How to know which epoch model is saved in the models folder of rasa after using checkpoint_model: True

rasa_version: 2.8.3
python_version: 3.8.0\

I have used checkpoint_model: True for saving the best performing model during training and trained the model using rasa train. The trained model got saved in the default --out directory “models”. how to know which epoch model is saved in the models folder.
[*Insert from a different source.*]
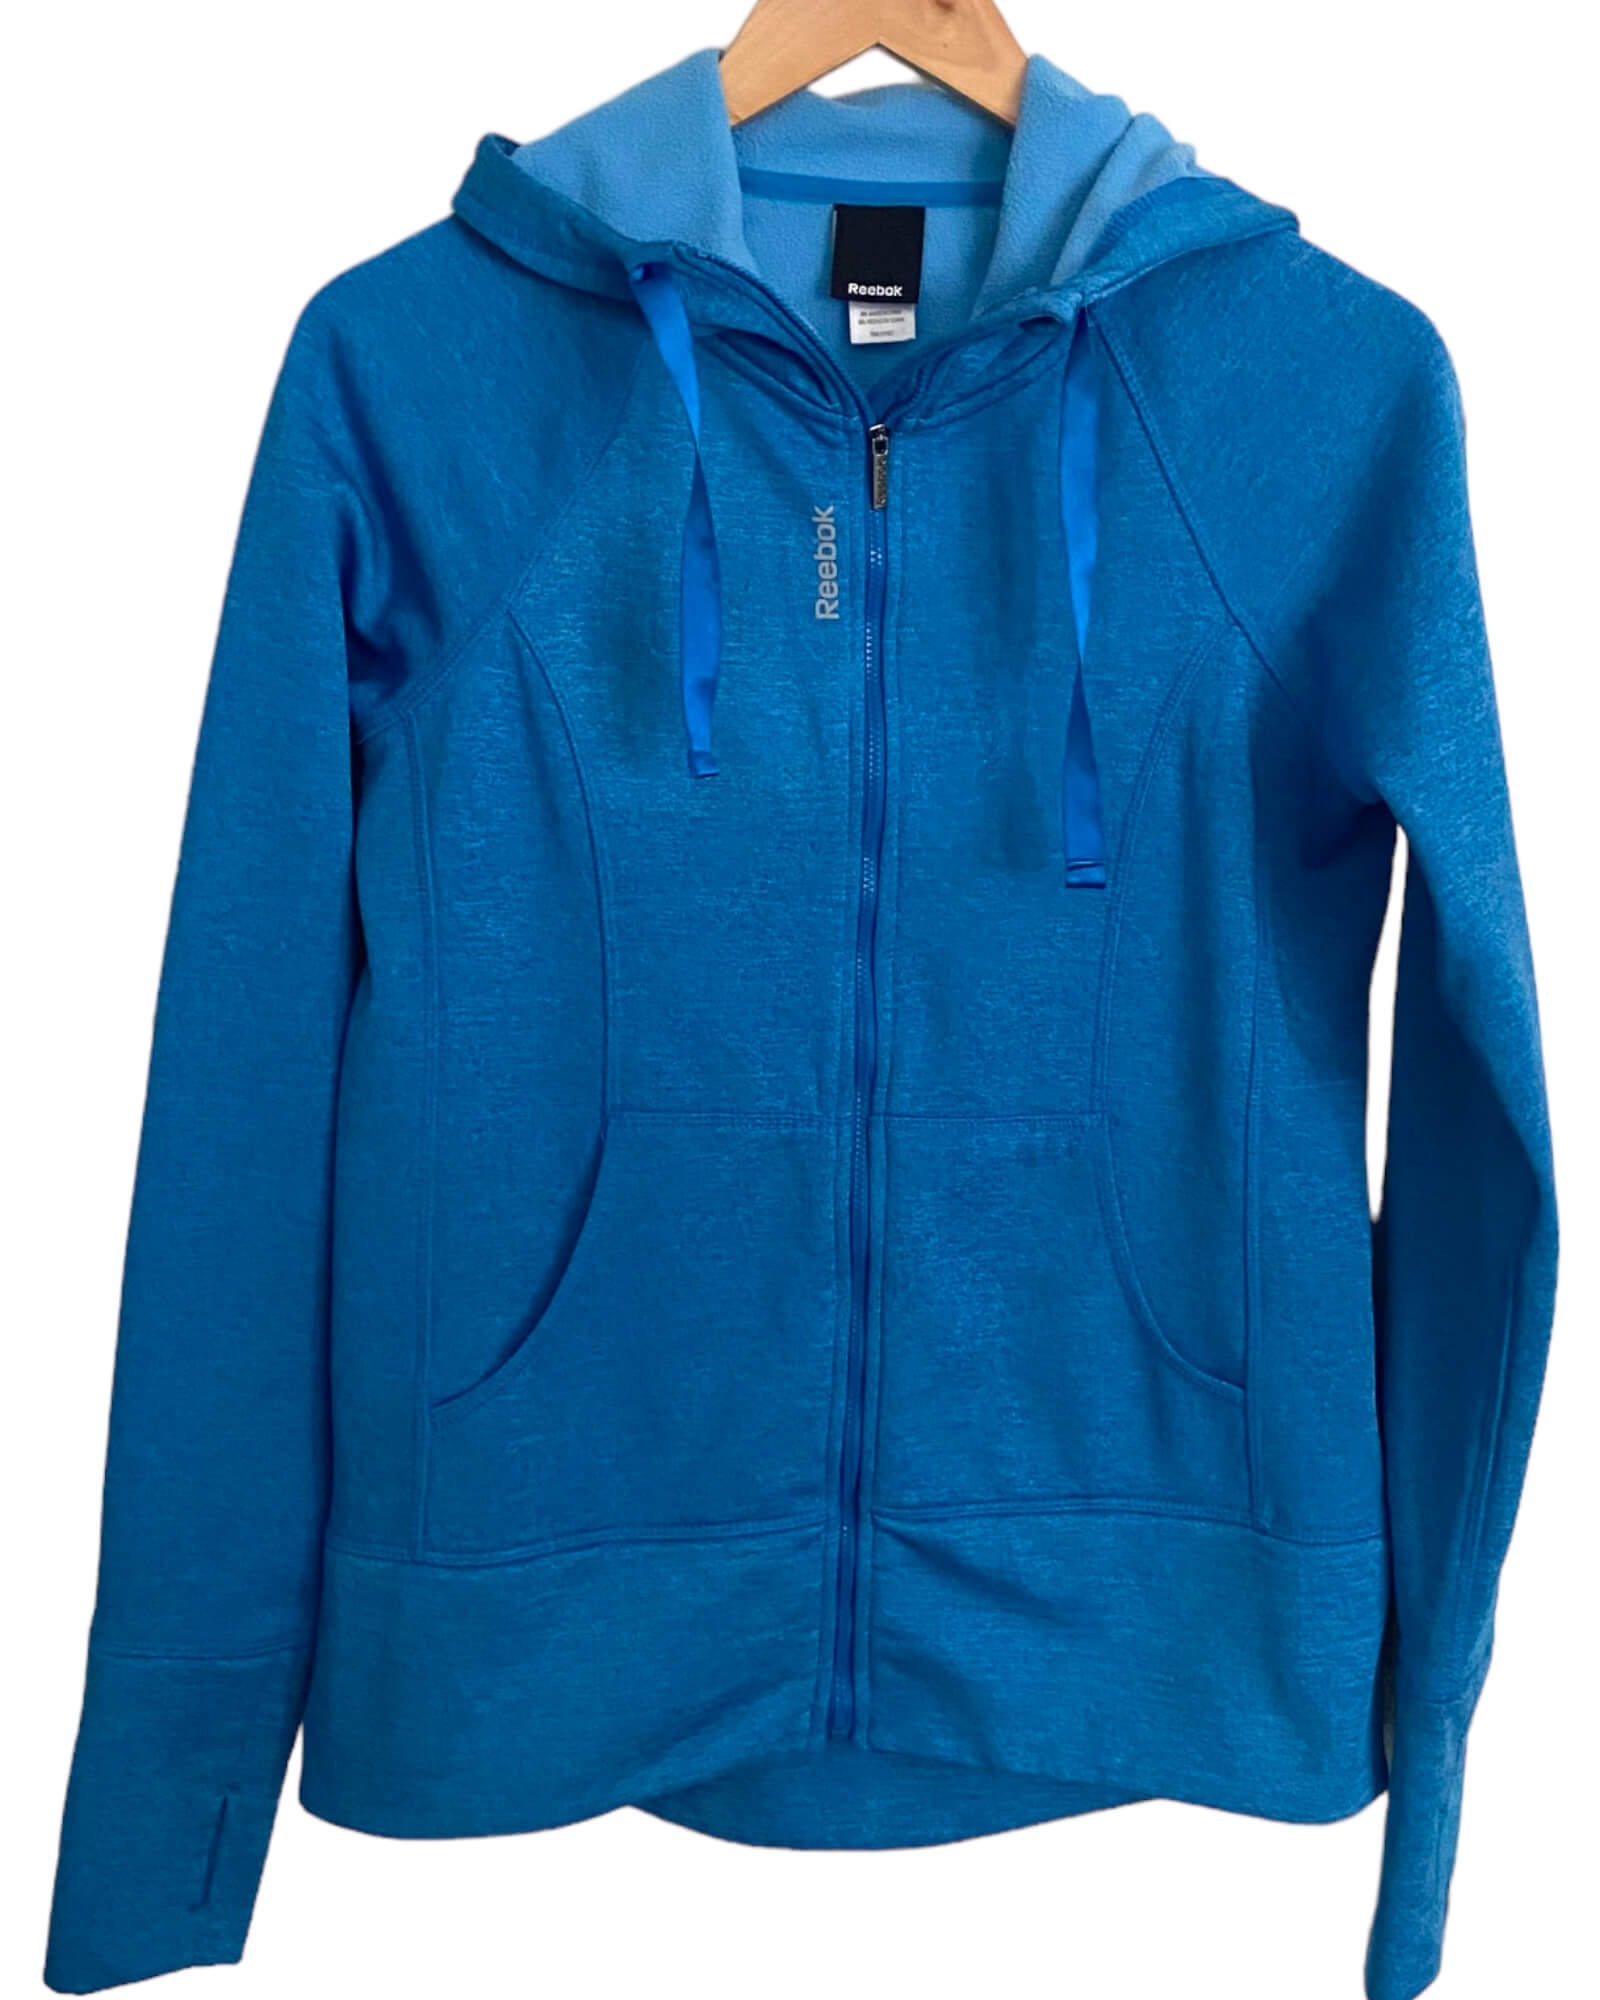 Warm Spring REEBOK azure blue hooded zipper jacket

Is it really the best performing model?\

is there any way to find the which epoch model is save using checkpoint_model: True?\

Below is the config.yml i used:

language: en

pipeline:

  • name: WhitespaceTokenizer
  • name: RegexFeaturizer
  • name: LexicalSyntacticFeaturizer
  • name: CountVectorsFeaturizer
  • name: CountVectorsFeaturizer analyzer: char_wb min_ngram: 1 max_ngram: 4
  • name: DIETClassifier epochs: 300
    evaluate_on_number_of_examples: 40
    evaluate_every_number_of_epochs: 5
    tensorboard_log_directory: “tensorboard3”
    tensorboard_log_level: “epoch”
    checkpoint_model: True
    constrain_similarities: True\
  • name: EntitySynonymMapper\

- name: ResponseSelector

epochs: 100

constrain_similarities: true

- name: FallbackClassifier

threshold: 0.3

ambiguity_threshold: 0.1

Configuration for Rasa Core.

  • name: MemoizationPolicy
  • name: TEDPolicy max_history: 5
    epochs: 300
    evaluate_on_number_of_examples: 40
    evaluate_every_number_of_epochs: 5
    tensorboard_log_directory: “tensorboard3”
    tensorboard_log_level: “epoch”
    #checkpoint_model: True
    #constrain_similarities: True\
  • name: RulePolicy
1 Like

hi @SowmyaBalam it should tell you in the training logs what epoch it stopped at. Do you see it there or if not can you post your training logs?

@SowmyaBalam Heya! No worries. Quick Solution.

Step1. Go to your models folder and which you have trained it saved by date and time.

Step2. Unzip that folder

Step3. Go to NLU folder

Step4. You will see metadata.json file see that you will see everything I guess.

Note: I have only one standard configuration so I can only see 100 epochs, if you are varying the epochs, I guess it will reflect in the folder. Please experiment with yourself and whilst using your use case please. Even, I guess you can see the checkpoint file. Not let me know :slight_smile: Good Luck!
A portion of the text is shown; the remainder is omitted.